The PLS Regression algorithm does not perform any warping of relationships. It is essentially a standard PLS regression algorithm, whereby indicators’ weights, loadings and factor scores (a.k.a. latent variable scores) are calculated based on a least squares minimization sub-algorithm, after which path coefficients are estimated using a robust path analysis algorithm. A key criterion for the calculation of the weights, observed in virtually all PLS-based algorithms, is that the regression equation expressing the relationship between the indicators and the factor scores has an error term that equals zero. In other words, the factor scores are calculated as exact linear combinations of their indicators. PLS regression is the underlying weight calculation algorithm used in both Warp3 and Warp2 PLS Regression. The warping takes place during the estimation of path coefficients, and after the estimation of all weights and loadings in the model. The weights and loadings of a model with latent variables make up what is often referred to as outer model, whereas the path coefficients among latent variables make up what is often called the inner model.

Finally, the Robust Path Analysis algorithm is a simplified algorithm in which factor scores are calculated by averaging all of the indicators associated with a latent variable; that is, in this algorithm weights are not estimated through PLS regression. This algorithm is called “Robust” Path Analysis, because, as with most robust statistics methods, the P values are calculated through resampling. If all latent variables are measured with single indicators, the Robust Path Analysis and the PLS Regression algorithms will yield identical results.

One of two resampling methods may be selected: bootstrapping or jackknifing. Bootstrapping, the software’s default, is a resampling algorithm that creates a number of resamples (a number that can be selected by the user), by a method known as “resampling with replacement”. This means that each resample contains a random arrangement of the rows of the original dataset, where some rows may be repeated. (The commonly used analogy of a deck of cards being reshuffled, leading to many resample decks, is a good one, but not entirely correct because in bootstrapping the same card may appear more than once in each of the resample decks.) Jacknifing, on the other hand, creates a number of resamples that equals the original sample size, and each resample has one row removed. That is, the sample size of each resample is the original sample size minus 1. Thus, the choice of number of resamples has no effect on jackknifing, and is only relevant in the context of bootstrapping.

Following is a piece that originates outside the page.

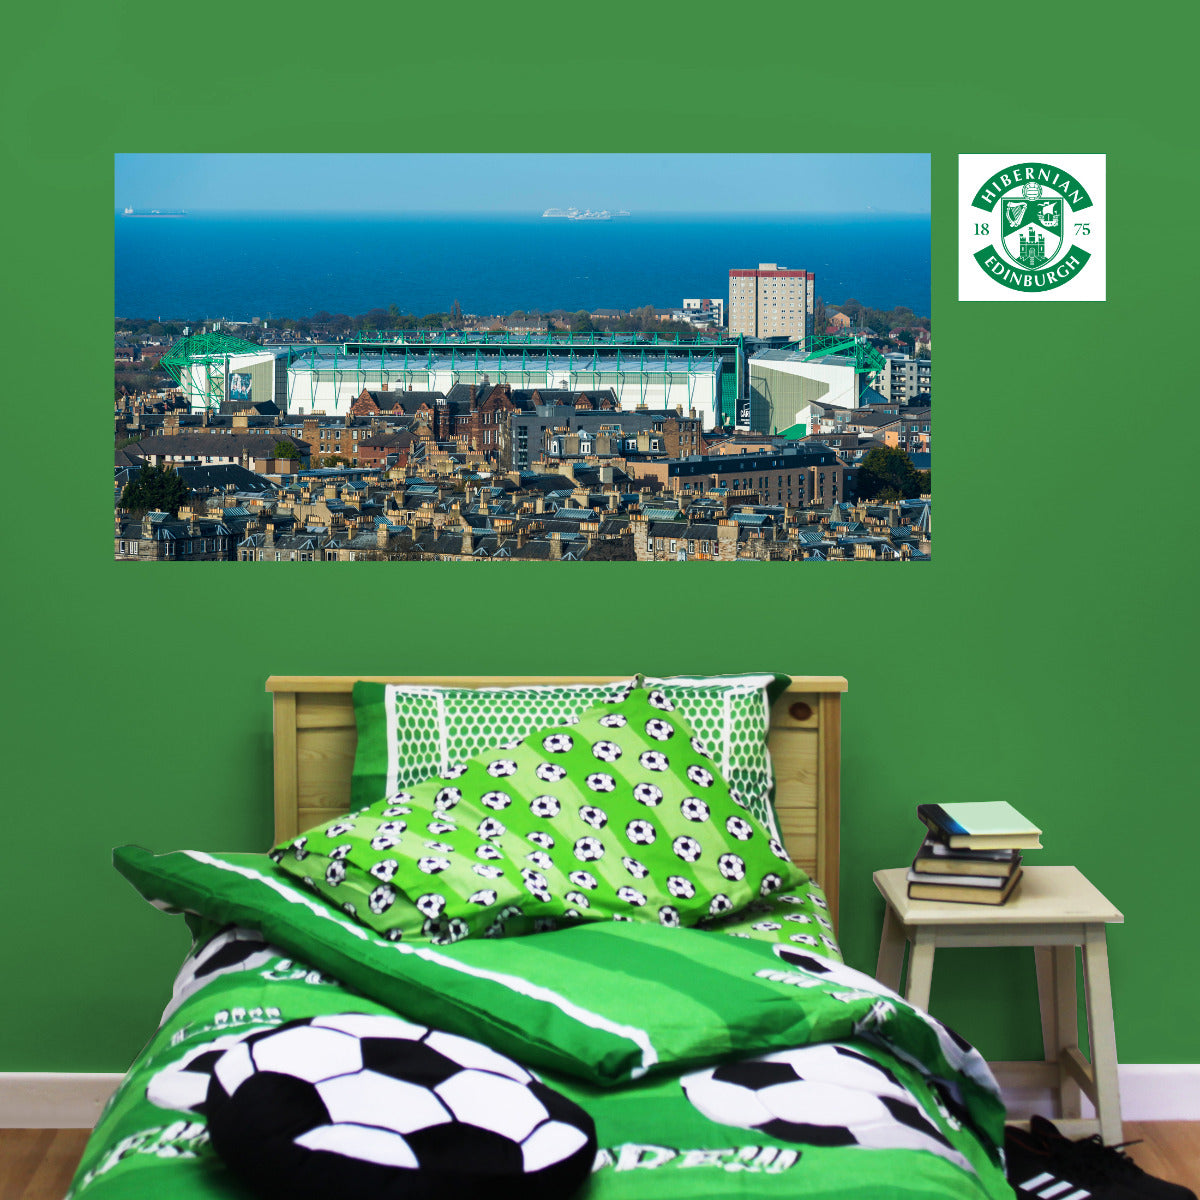 Hibernian Easter Road Stadium Wall Sticker Outside Day Time

Saving and using grouped descriptive statistics in WarpPLS

When the “Save grouped descriptive statistics into a tab-delimited .txt file” option is selected, a data entry window is displayed. There you can choose a grouping variable, number of groups, and the variables to be grouped. This option is useful if one wants to conduct a comparison of means analysis using the software, where one variable (the grouping variable) is the predictor, and one or more variables are the criteria (the variables to be grouped).

The figure below (click on it to enlarge) shows the grouped statistics data saved through the “Save grouped descriptive statistics into a tab-delimited .txt file” option. The tab-delimited .txt file was opened with a spreadsheet program, and contained the data on the left part of the figure.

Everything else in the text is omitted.